By IsharPal Singh, MS
The past 20 years have brought an unprecedented increase in the accumulation of knowledge about cancer cells. The study of genomics has yielded a tremendous amount of data regarding the signaling cascades involved in cancerous cells. Yet, the increase in no. of deaths from cancer remind us that very less progress has been made in the clinical achievement of cancer. Moreover the therapies used so far remain essentially similar to the remedies used decades ago i.e. surgery, radiation etc. However, owing to the side-effects associated with these methods due to their non-specific action a no. of biochemical means have been discovered to treat cancer by targeting cancer-specific targets such as inhibition function, disruption of protein-protein interactions etc. These targeted therapies have made significant progress in recent years. Scientists at Dana-Farber Cancer Institute have devised a new and more potent form of targeted therapy for cancer treatment based on converting an inhibitor drug into a degrader drug in order to disintegrate the target protein rather than inhibiting it .

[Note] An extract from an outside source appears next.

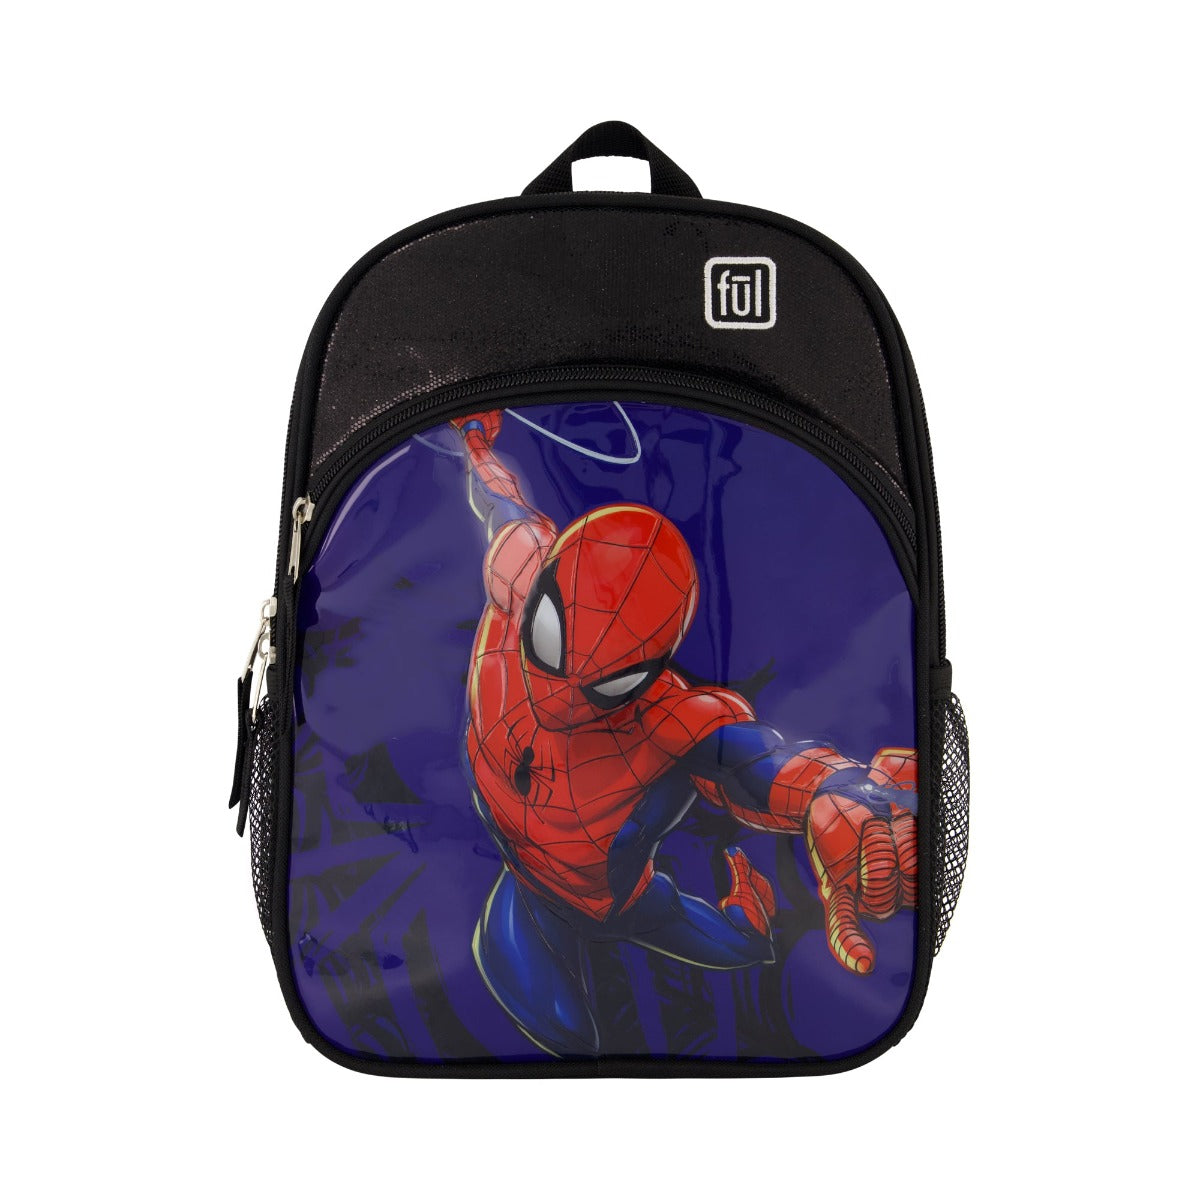 Blue Ful Marvel Spiderman Web matching 2 piece set - 13" carry-on kids backpack for traveling
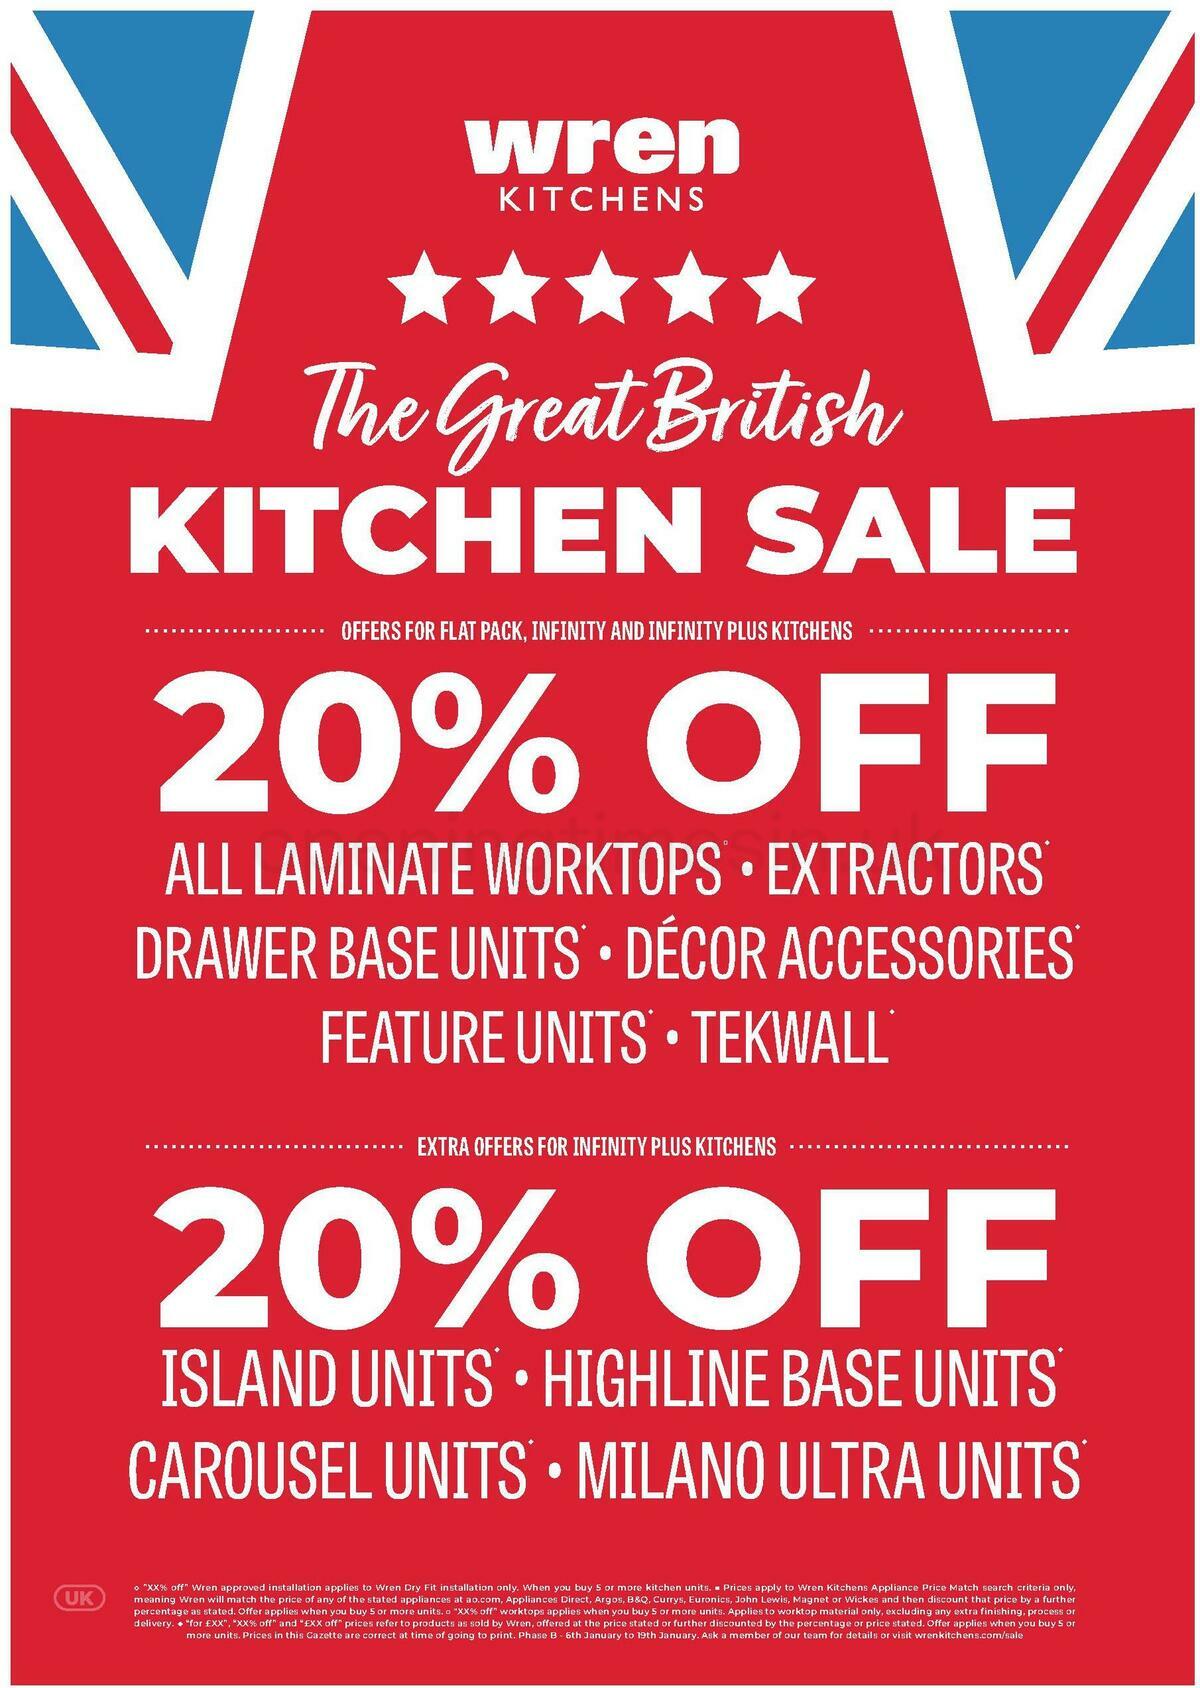 Wren Kitchens Offers from January 6

This study as posted in Science Express, uses a form of targeted therapy based on chemical technology to induce the protein-chopping machinery of the cancer cells against them in order to destroy and dispose of the proteins responsible for their growth. The study was carried out with the aim to develop inhibitors for undruggable proteins and overcome the drug resistance associated with cancer, a shortcoming associated with targeted therapies as they inhibit just one or few of the functions of these oncoproteins. Thus, allowing the targeted oncoprotein to adapt to the drug and find an alternate route for its growth.
The team tested this approach which they dubbed as “Degronimids” in laboratory samples of leukemia cells and in animals with human-like leukemia. The results obtained showed that the cancer cells died much more quickly than with conventional targeted therapies. This approach was able to selectively degrade three proteins out of a total of more than 7,000 in the entire cell making it a laser-guided system that effectively delivers the protein degrading machinery to targeted protein .
A Targeted Approach
The study involved manipulating the cell’s natural protein-elimination system which provides disposal of used-up or unneeded proteins by a structure called Proteasome wherein they are grounded and recycled. These proteins are tagged for disposal by attaching a protein called ubiquitin by enzymes E1, E2, and E3 after which they are transported to Proteasome. The team harnessed the destruction power of this system by designing a chemical adapter that works like a tiny trailer hitch helping the attached drug molecule to bring the cell’s protein-degrading machinery to the protein of interest where upon binding the drug-protein-degrader combo demolishes the targeted protein. The team in their study used drug JQ1 which targets BRD4 protein which is responsible for expression of cancer growth genes. The adapter used here was a chemical derivative of drug of thalidomide viz, phthalimide which was designed to selectively bind to enzyme E3 called Cereblon.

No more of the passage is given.